By Libby George
LONDON (Reuters) - Brent crude futures fell on Friday after briefly nearing their 2016 high, as financial market confidence in the rally came up against a physical excess of crude.
Brent traded at $52.11 at 1000 GMT, 40 cents down, after touching $52.84 earlier, two cents below the 2016 high.
U.S. oil futures traded as high as $50.74 a barrel, a three and a half month high, before falling by 30 cents to $50.14 a barrel. On Thursday they settled at $50.44 per barrel - the first settlement above $50 since June 23.
The rally had come despite a strengthening dollar, which makes oil more expensive for holders of other currencies, and increases to physical oil supply coming from Libya, Nigeria and Russia.

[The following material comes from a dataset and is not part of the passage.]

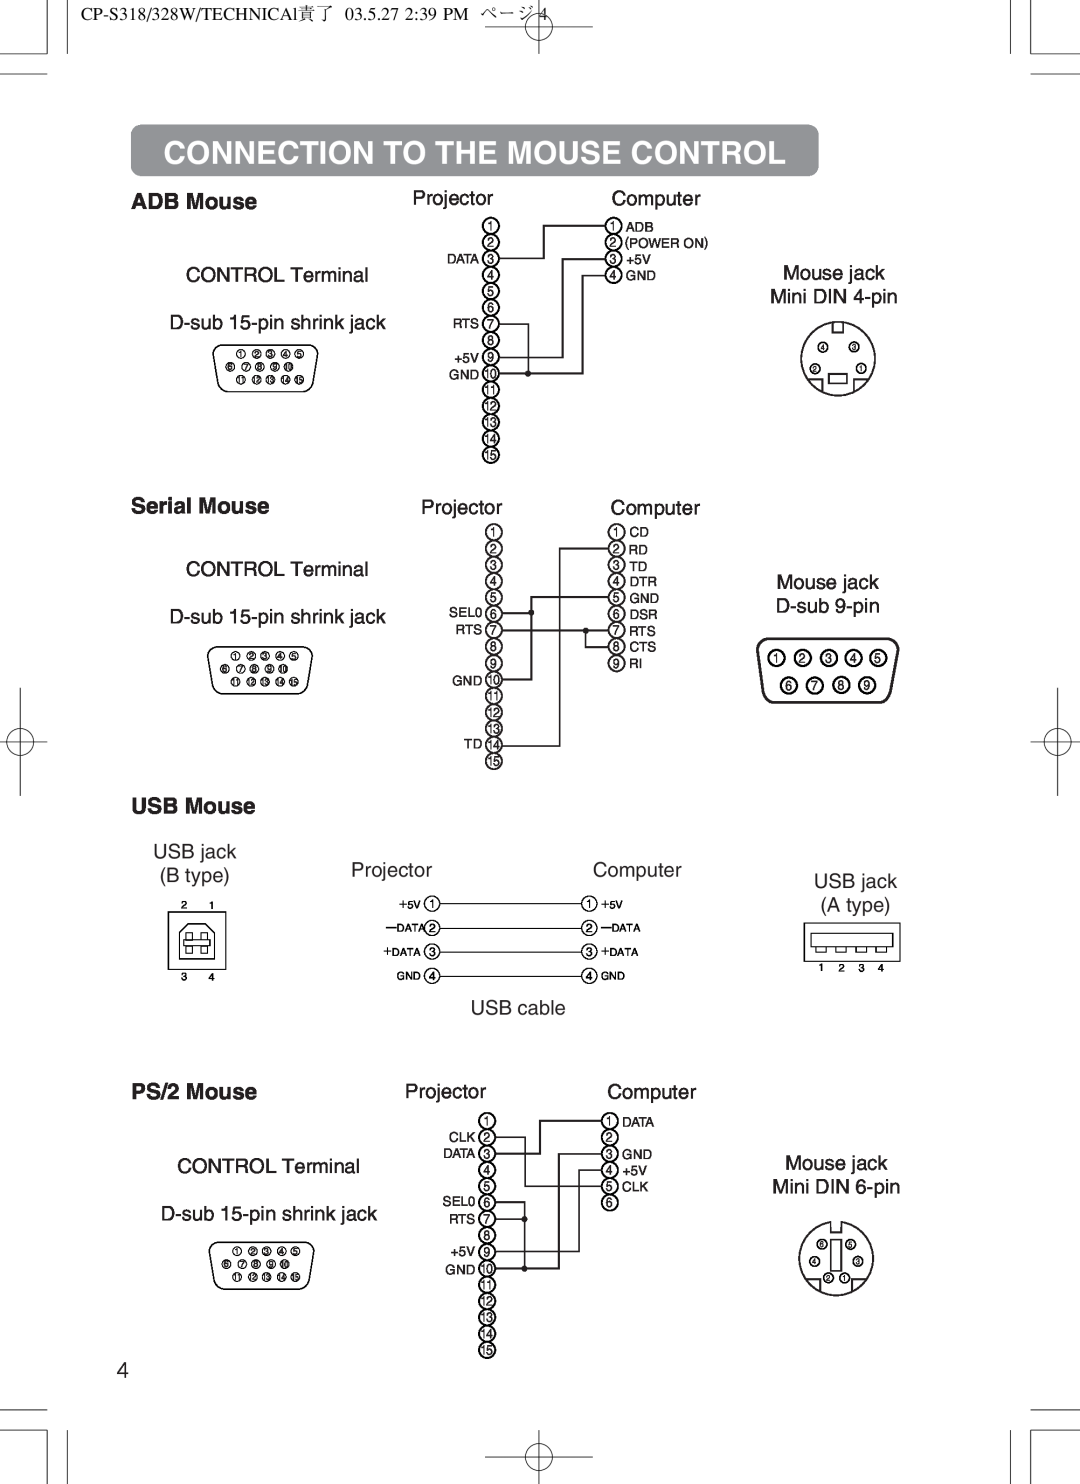 Hitachi cp-s318 user manual Connection To The Mouse Control, ADB Mouse, USB Mouse, PS/2 Mouse

Some of the support came from Hurricane Matthew in the U.S. Gulf, which could disrupt U.S. oil imports and lead to fuel shortages.
But the overall strength came from speculation that a deal struck last week by Organization of the Petroleum Exporting Countries (OPEC) members to curtail production would finally stem a two-year overhang. OPEC leaders were also expected to meet with officials from oil producing behemoth Russia next week.
But analysts said the agreement's support was fragile, given the overhang of physical crude oil.
"This isn't really sustainable," Hamza Khan, head of commodities strategy with ING, said of the rally, adding that fears the hurricane could impact U.S. oil stocks were one of the only fundamental factors supporting the market. "It all could be over by next week."
Both front-month contracts above $50 per barrel and each forward curve in contango, in which contracts for future delivery are more expensive than those for immediate sale, the entire crude futures complex has moved back over $50 per barrel. (Chart: http://tmsnrt.rs/2dz0bQH)
Some warned this could ultimately hurt OPEC member nations by giving a boost to other producers.
"Many U.S. shale oil producers have now hedged their production, which is likely to put the brakes on the price rise," anaylsts at Commerzbank said in a note. "In other words, OPEC is shooting itself in the foot in the medium to long term."
Top exporter Saudi Arabia cut its benchmark crude prices to Asia this week, while Libya exported the first oil tanker from the port of Zuetina since 2015, adding to global supplies.